AWS Reserved Instances for the Bewildered

Many find Amazon Web Services (AWS) EC2 Reserved Instances (RIs) to be offputtingly complex, and some users avoid them as a result. Massive cost savings of up to 40% are possible using RIs, so they should be utilised as often as possible.

The range of options for RIs is now so vast as to be bewildering to the newcomer. This short post aims to give the reader some simple criteria to pick the best RIs. It does not aim to cover every single option in detail; for that you have the AWS docs.

Establishing your values

RIs can be selected along many vectors, so instead of breaking those down in detail at the outset, it’s better to begin by thinking about what you already know about – your organisation and its values.

Consider where your organisation fits along the following 3 axes:

1. Accounting: Fiscal Predictability vs Overall cost savings

Do you need a certain amount of dollars in the bank at all times to impress potential investors? Or, are you a cash-based organisation who can spend big up-front to make savings later?

2. Predictability: Flexibility vs Cost savings

Are you a young startup constantly changing your requirements, or are you an established enterprise? How reliably can you predict your usage?

3. Technical: Constant capacity vs Dynamic capacity

Does your product sit on a cluster of servers that rarely changes? Or, do you have autoscaling?

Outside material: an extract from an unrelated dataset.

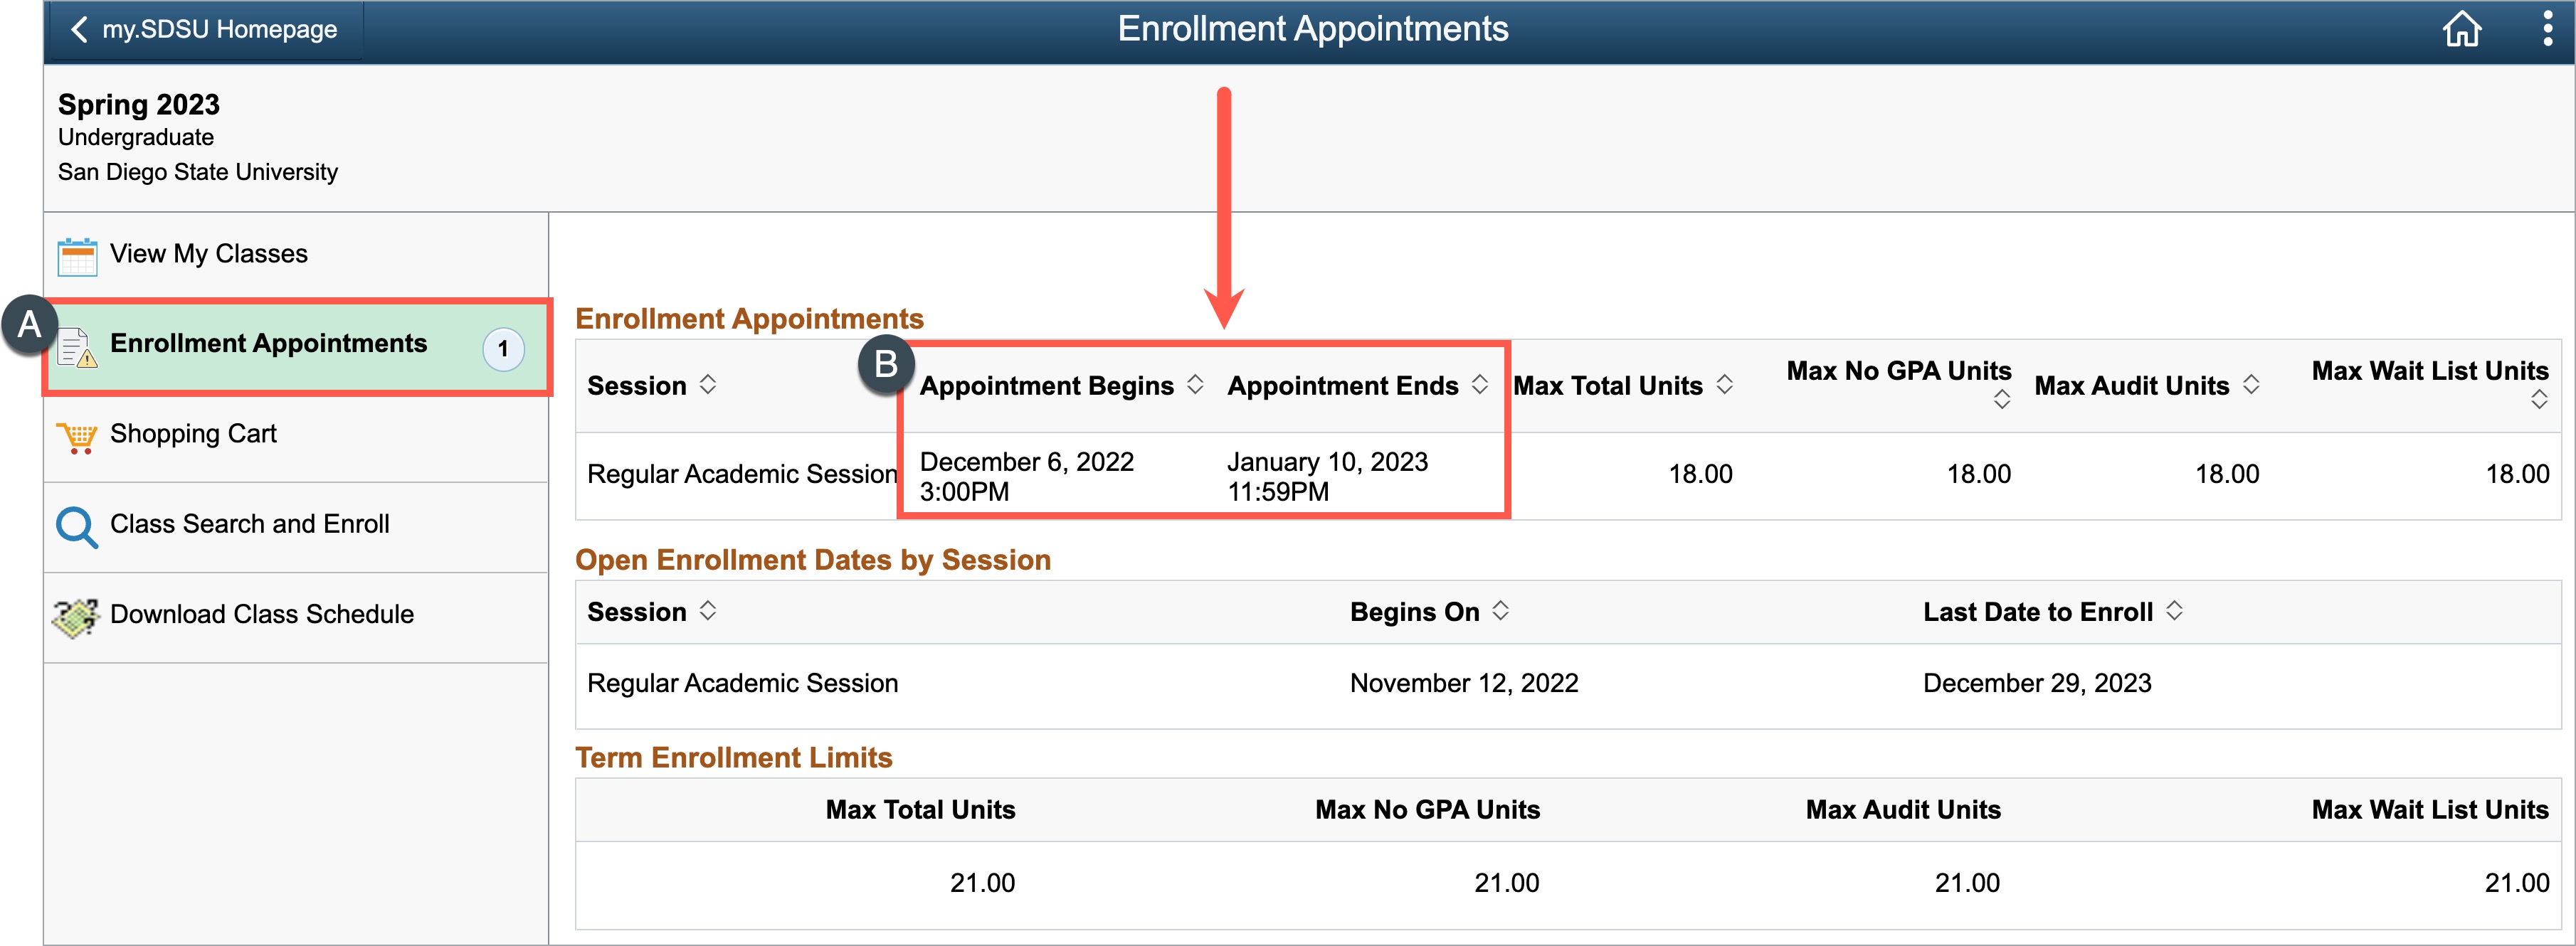 Enrollment Appointments section showcases "Appointment Begins" and "Appointment Ends"

Erasing a couple of RI myths

Before we carry on, there are a couple of common misconceptions about RIs.

A reserved instance is not tied to a particular EC2 instance. Think of it as a slot, and any of your running instances can fill that slot. So, even if you have autoscaling or immutable deployments that burn servers on every deploy, you can still take advantage of RIs.

If you get it ‘wrong’ or overprovision it’s not the end of the world. You can sell on unused RIs on the Amazon Marketplace.

Applying your values

With these values established, let’s figure out a simple profile that will work for you!

1. Accounting: Fiscal Predictability vs Overall cost savings

If your accounting model relies on steady, consistent monthly reports, then paying no upfront is the option for you.

If, however, you have money in the bank, paying all upfront will cost more initially but save you more money in the long run.

Remember, both options are cheaper than not using RIs!

2. Predictability: Flexibility vs Cost savings

You have two considerations here:

  1. Convertible or standard
  2. 1 year or 3 years

The more inflexible you’re willing to be, the more you’ll save.

Convertible instances are a bit complex, but they can be exchanged easily if you find them to be unsuitable.

3. Technical: Constant capacity vs Dynamic capacity

If you’re running a constant provisioned capacity environment, you can reserve at region scope. This is simpler that reserving in Availability Zones, easier to manage, all round less hassle.

If, however, instances are going to be destroyed and dynamically built, you should look at reserving capacity. Think of it like saying “hey Amazon I’m going to need you to keep this slot open for me for whenever I want to put an instance in it”.

How much of my capacity should I reserve?

Hopefully by this point you’ve got an idea of what you’d like to reserve. How much of your capacity you should reserve depends on your application’s nature: is it autoscaling or static?
At Bipsync, our internal build cluster is an autoscaling environment. We aim to reserve about 80% of our average capacity for this. We’re trying to be efficient but we’re not wanting to reserve capacity we won’t regularly need.
Most of our customers, however, have static clusters of a fixed size (although we have an autoscaling option available). For these clusters, we aim to reserve about 95% of our capacity. We do not reserve capacity for trial installations as we won’t want to count our chickens before they’ve hatched!
Here are some rough guidelines, you’ll have to adjust them to your business:

Analysing your needs

AWS Cost Explorer RI Coverage

This is a great way to calculate your needs. In this example, we can see that an account’s RI Coverage has been dipping. AWS will show you on this screen how much money you could save with RIs, and it can be a surprising amount!

 

AWS Trusted Advisor

The Cost Optimization screen on AWS Trusted Advisor has a section “Amazon EC2 Reserved Instances Optimization”. This will tell you what recommendations AWS’s robots are making for you to reserve instances. It’s usually a pretty good guide.

AWS Cost Calculator

There’s no substitute for cold, hard figures! AWS’s cost calculator allows you to determine the cost of various options.

AWS Support

If you’re still confused, AWS Support are very helpful!

A caution against diminishing returns

For most of us, we don’t want to spend forever optimising costs, we just want to get that sweet zone before the return on investment of reserving capacity starts to diminish and waste accrues:

Review regularly

Review your costs on a regular basis. You can even set up alerts in AWS if your RI coverage goes below a given threshold.